2016 was a very, very bad year no matter how you slice it. In tough times, comedy is often a form of escape that people turn to when they need comforting. With that in mind, we asked our contributors to pick the one piece of comedy in any form that they turn to when they really need cheering up. We’ll be sharing their choices throughout the week in a package we’re calling “The Best Medicine.”
Comedy lives in the surprise, and I appreciate newness and innovation in my funny things…unless I’m down, and too tired for my preconceived expectations to be playfully challenged. Then I want comfort and familiarity. Take me away, Chicken Lady.
Most comedy I enjoy turns me into an intolerable combination of fanboy and academic. I can’t just watch and enjoy like a normal person. I have to laugh hysterically, repeat funny lines to myself out loud for some reason, and then mentally break down the funny thing into its beats and bones to determine why and how it is funny so I can apply these lessons to my own work. It’s not like this with The Kids in the Hall. It’s just pure delight, always. They are thusly un-analyzable, maybe because I started watching that show when I was nine or ten, so it’s a childhood relic made unimpeachable with the passage of time. Or maybe it’s because the Kids are Canadian, and are linked in my subconscious to all of the good times I’ve had in Canada, doing touristy things like going to high tea and scoring comedy books you can’t get in the States. (Again, always an academic.)

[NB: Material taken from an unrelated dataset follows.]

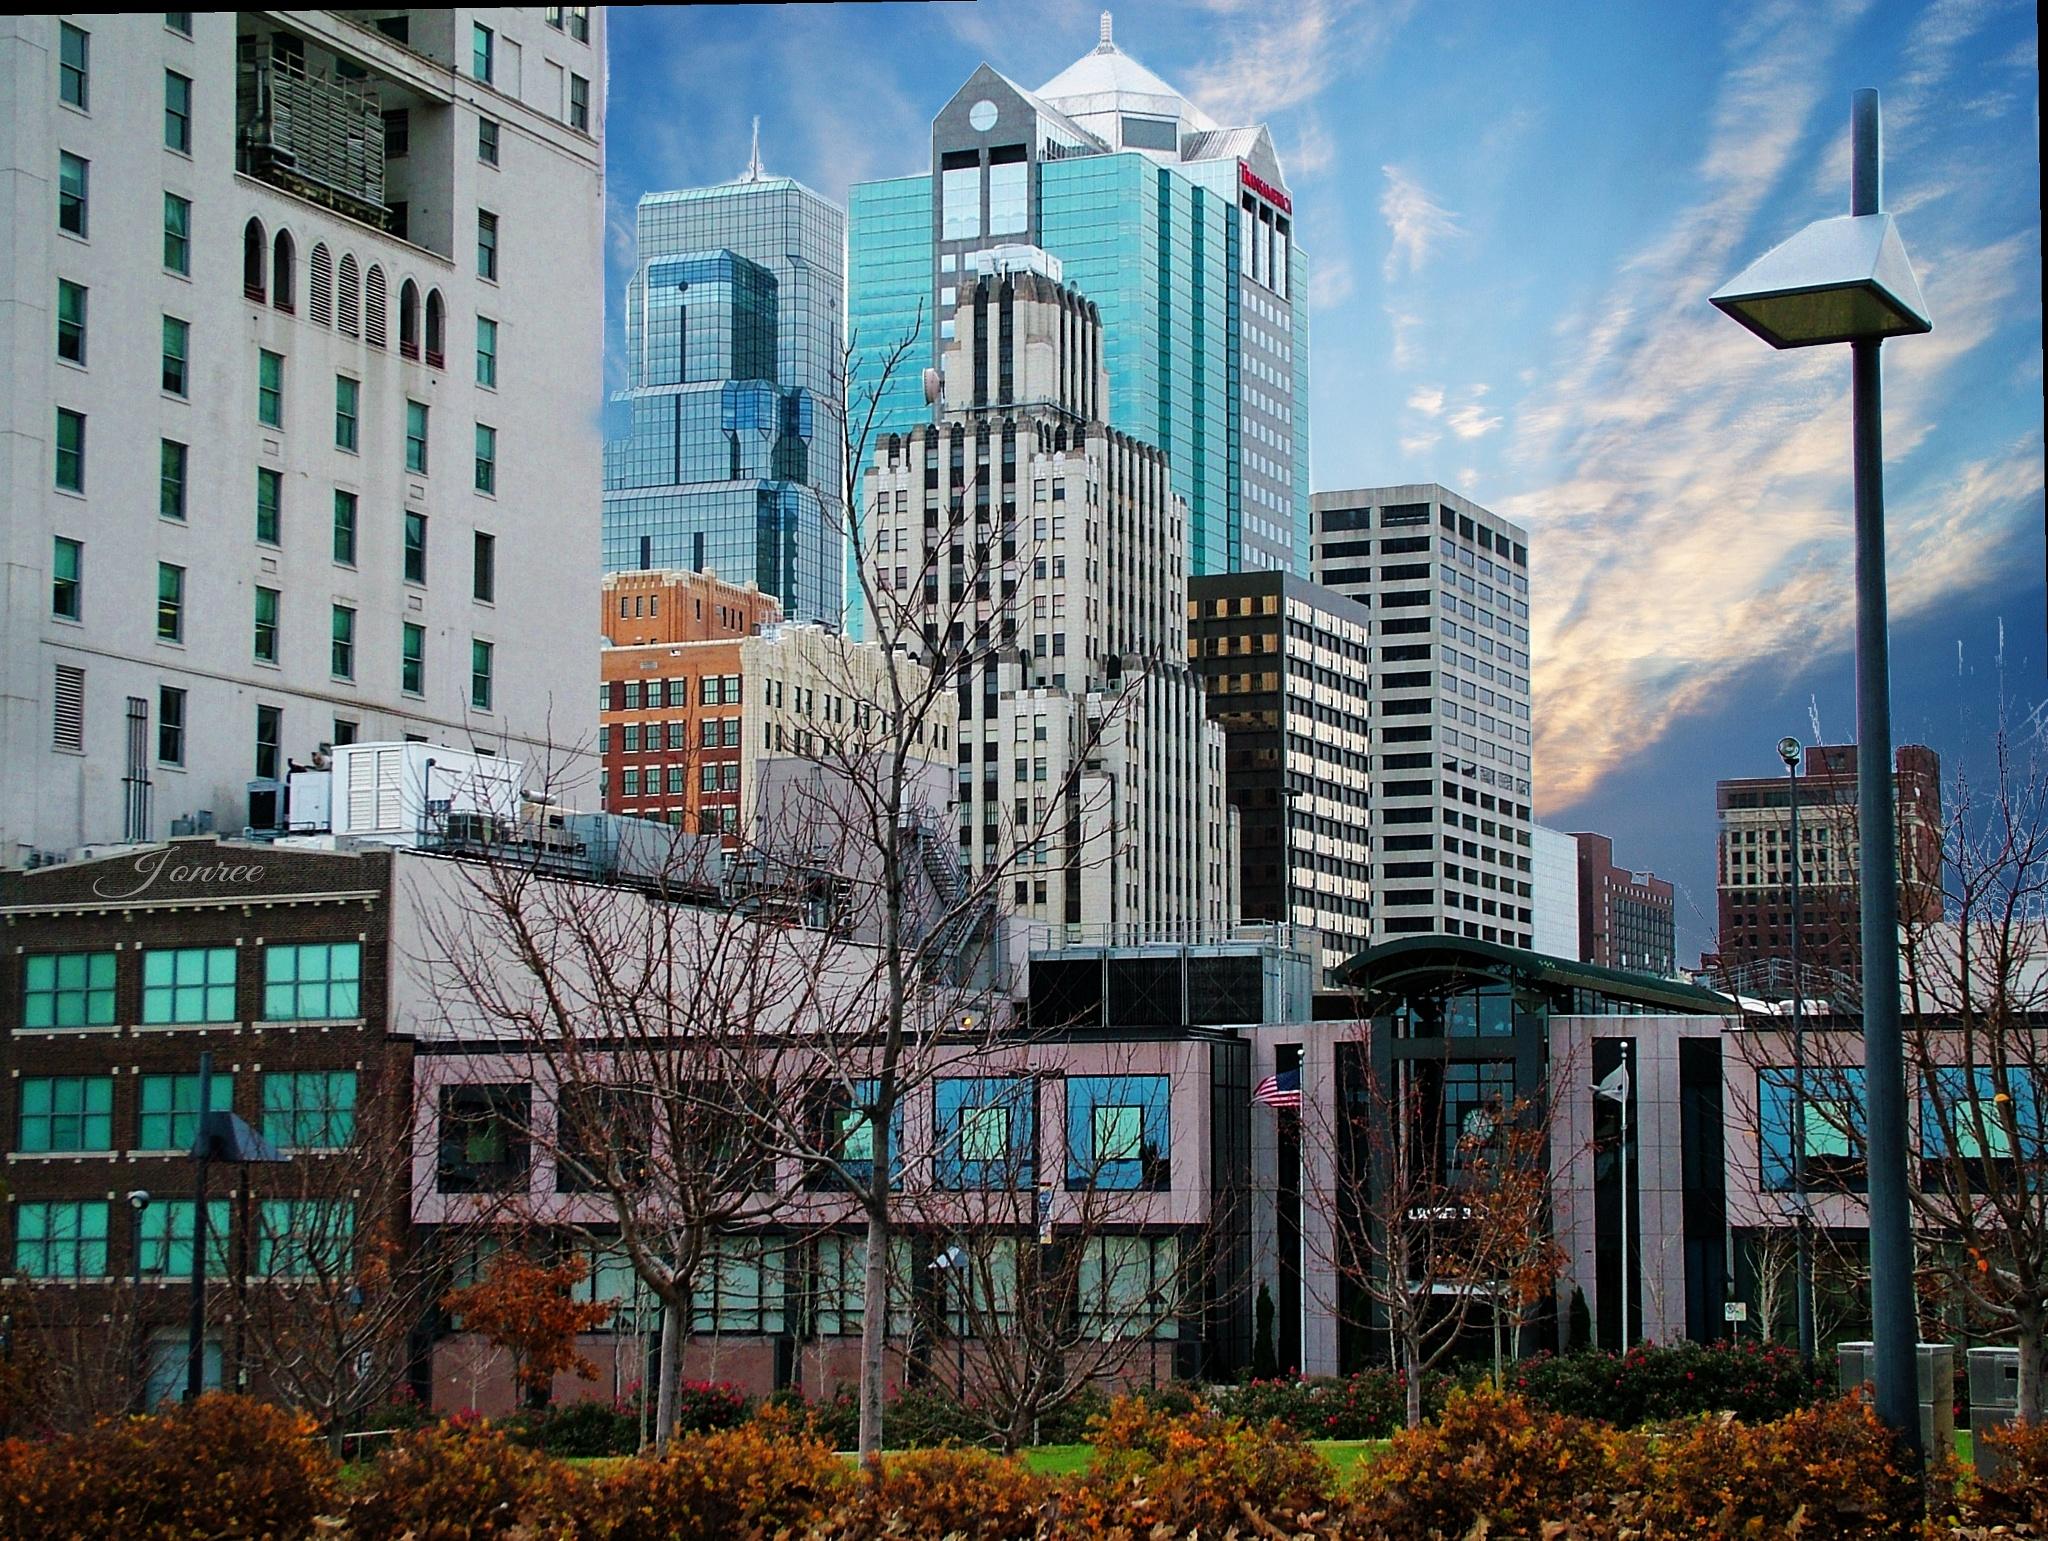 Downtown Kansas City viewed from East Side by Lorenzo (Larry) Jonree
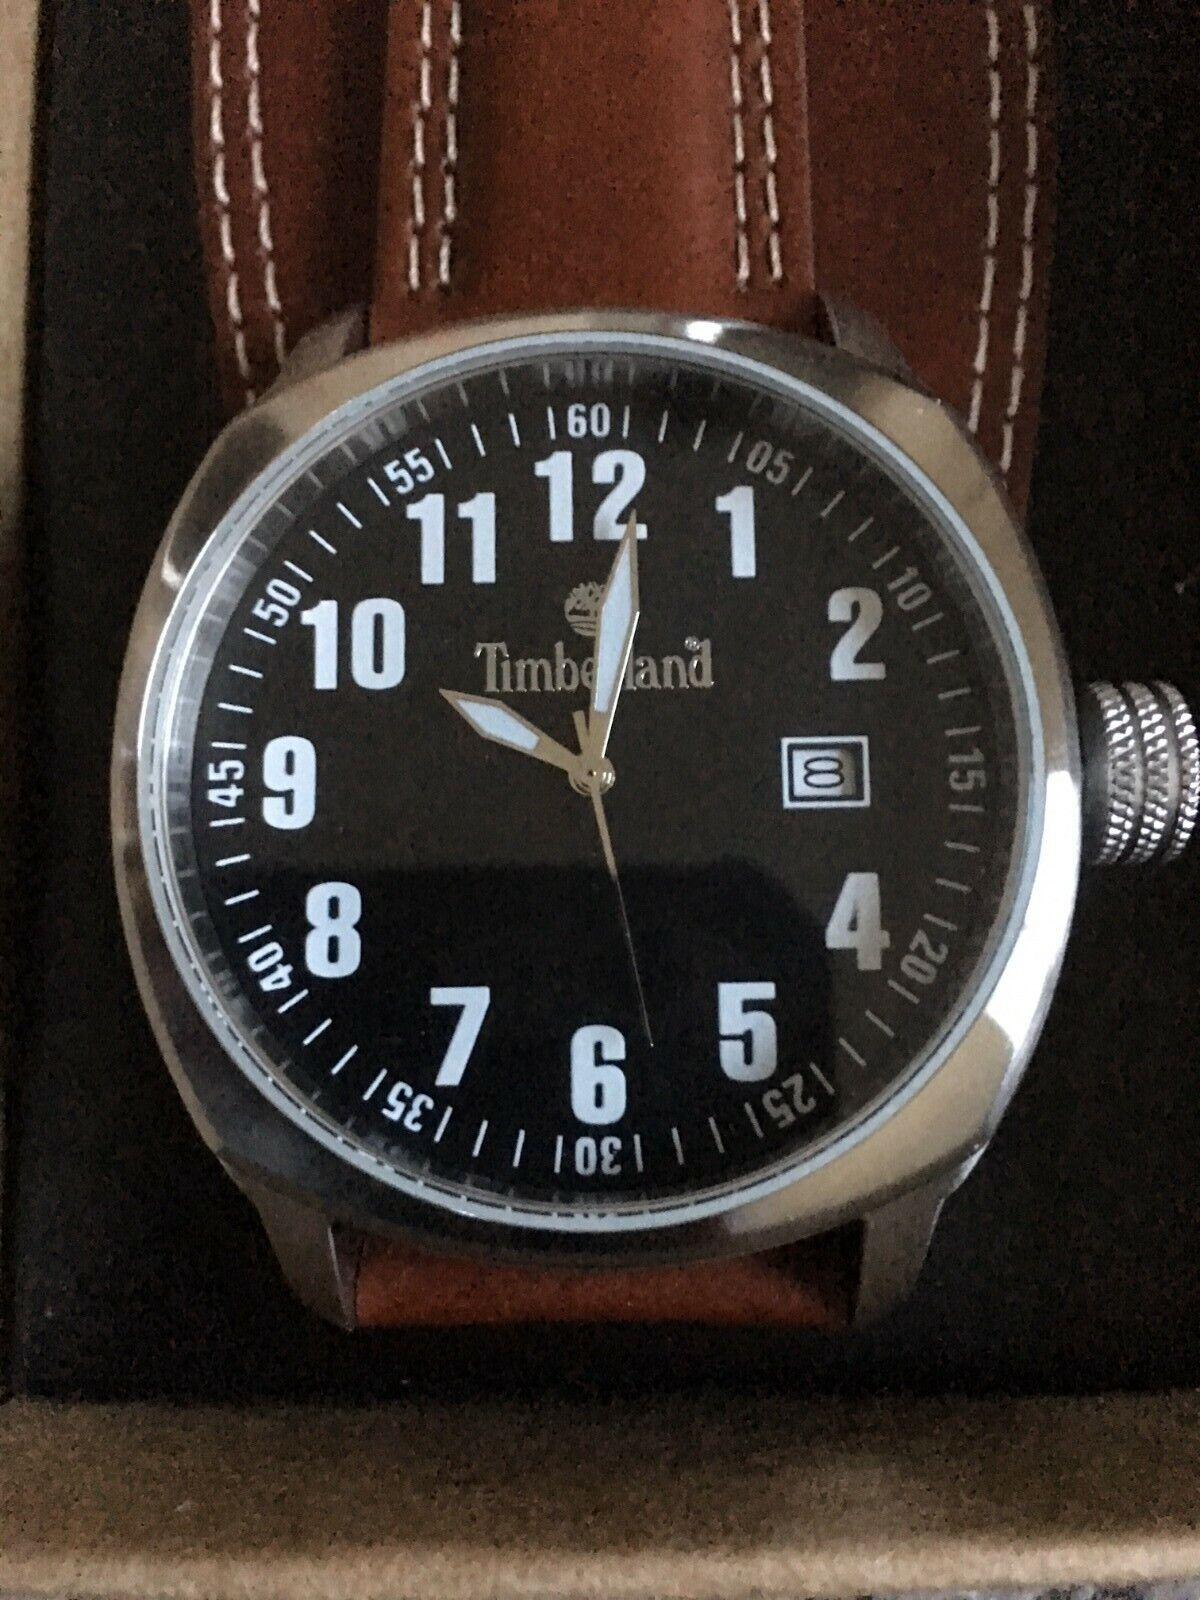 Timberland QT7112103 Watch Brand New - $89.00

The Kids in the Hall is a comforting token of the past, but it also inspires. These five guys came together to make true and hilarious magic. This makes me want to continue to find my own similar tribe, and to make things that make me laugh, and them laugh. This good-thing-of-the-past-fueling-the-good-things-of-the-future can be a powerful antidote against whatever garage the present may decide to throw out.